La filosofía del existencialismo es aplicable a la Tierra, y a la civilización humana en su conjunto. Llegará un día en el que las grandes catedrales, los grandes templos, los libros sagrados, sean solo polvo y arena en un mundo muerto, donde no habrá seres a los que adorar, porque no habrá adoradores.
¿Qué harán esos dioses entonces, solos y perdidos, sin su séquito de seguidores? ¿Dónde habrán quedado los grandes conquistadores, los grandes logros, los geniales genios que saltaron a una fama y un poder que duró lo que dura un microsegundo en el universo?

Una luz de esperanza.
Todo esto no significa que tengamos que aceptar la derrota del tiempo, que lo consume todo. Al contrario; el existencialismo nos muestra la realidad, pero también esa realidad sirve de base para conformar una idea: vivamos la vida con fuerza, con honestidad, con pasión, con humildad, y no pretendamos convertirnos en esos seres superficiales que pueblan las distintas sociedades de la Tierra.
Antes al contrario, profundicemos y analicemos el espíritu humano, su naturaleza y su función como motor de progreso, y seamos positivos a la hora de aportar nuestra contribución a la humanidad. Cada uno desde sus capacidades y sus potenciales. De este modo podremos ser seres felices, plenos, y vivir una vida llena de conocimiento y de sabiduría, que nunca se alcanza, pero a la que siempre anhelamos y buscamos.
Esa fue la contribución principal de la generación del 98 a mi vida. Y me ha sido muy útil; porque, a diferencia de los golpes de los curas, fue mucho más dura para mi interior que para mi carne, pero también fue una lección de vida. Una lección que me ha ayudado a superar grandes traumas y situaciones difíciles, y que me ha permitido recrearme en las maravillas que nos rodean cada día.
El límite y su cualidad como motor de progreso.

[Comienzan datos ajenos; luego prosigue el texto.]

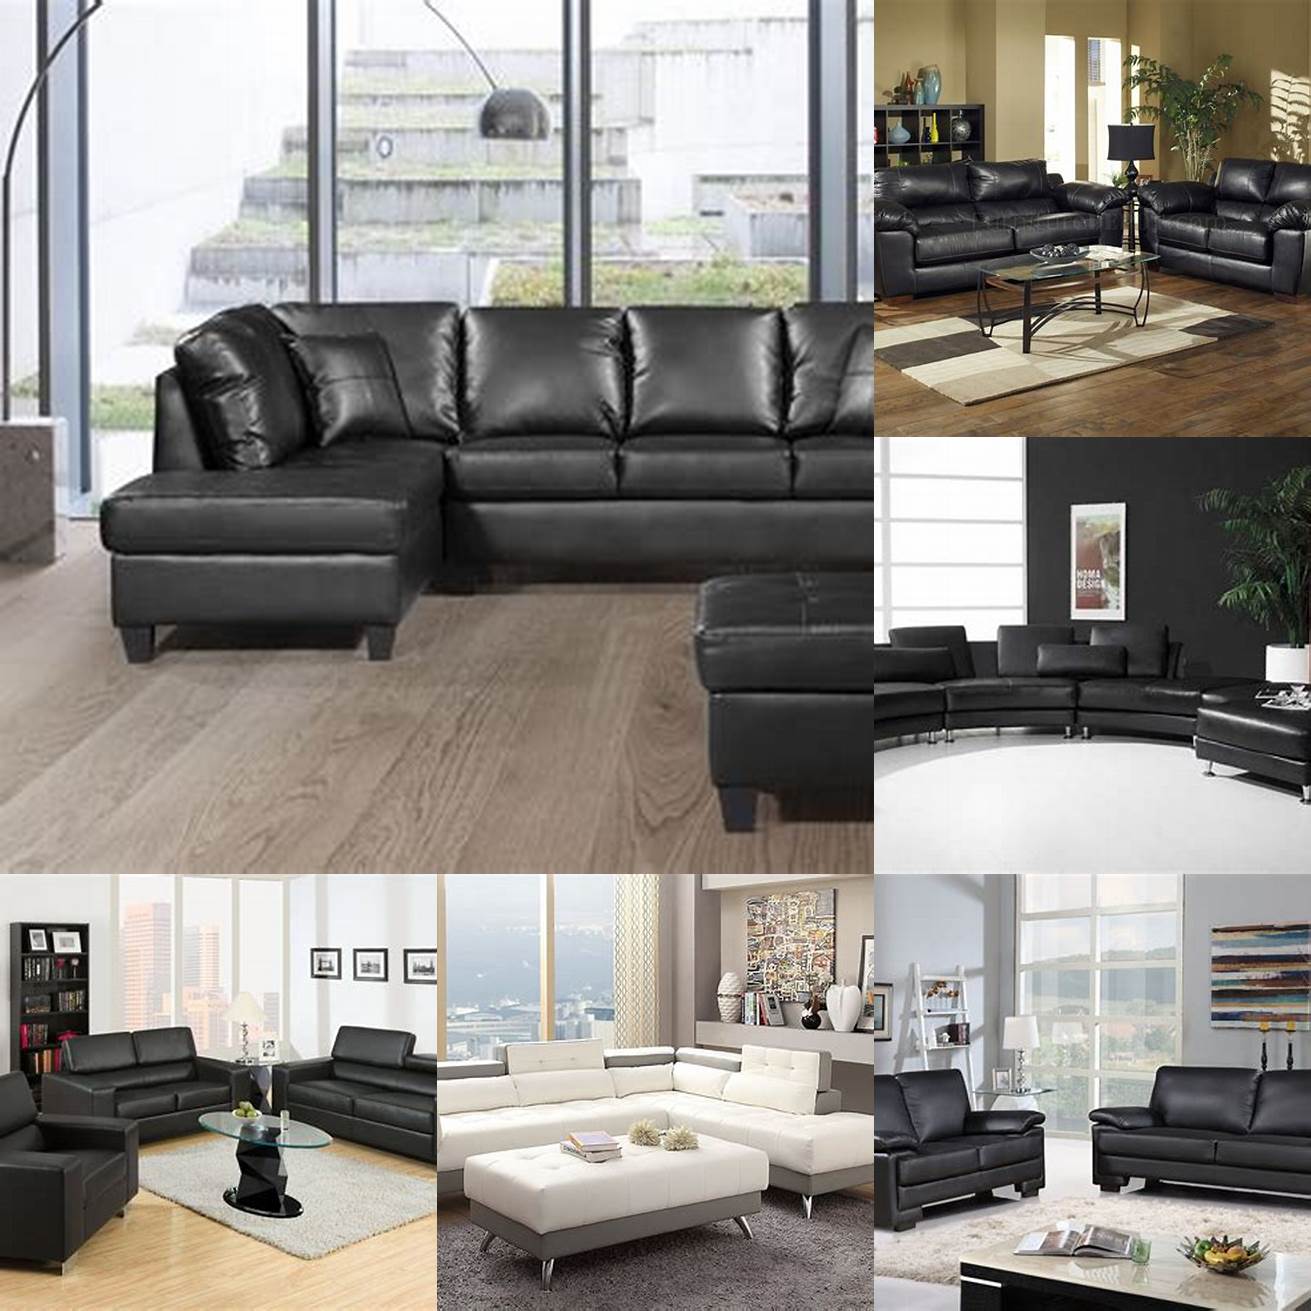 Image 3 A bonded leather sofa in a modern setting

Mors ultima linea rerum est. La muerte es el límite final de las cosas. Aprendamos esta lección cuanto antes. Porque, una vez aprendida, aprenderemos a amar la vida. A disfrutarla, y a compartirla. Y seremos plenamente felices. Porque podremos transmitir esa pasión con mesura, no con la locura de la superficialidad, sino con la tranquilidad de conocer nuestros límites, y los del universo que nos rodea.
Entonces seremos felices. Aunque en nuestros corazones sepamos una verdad amarga, cual es reconocer el fin de todo cuanto existe, también esa verdad nos hará ser más proactivos y vivos mientras sigamos en vida. Y ello es el camino para el descubrimiento de nuestro yo interior, y de potenciar nuestros recursos personales como nada más podría lograrlo.
Muchas gracias por su atención e interés, y disfrute del día. Cada día.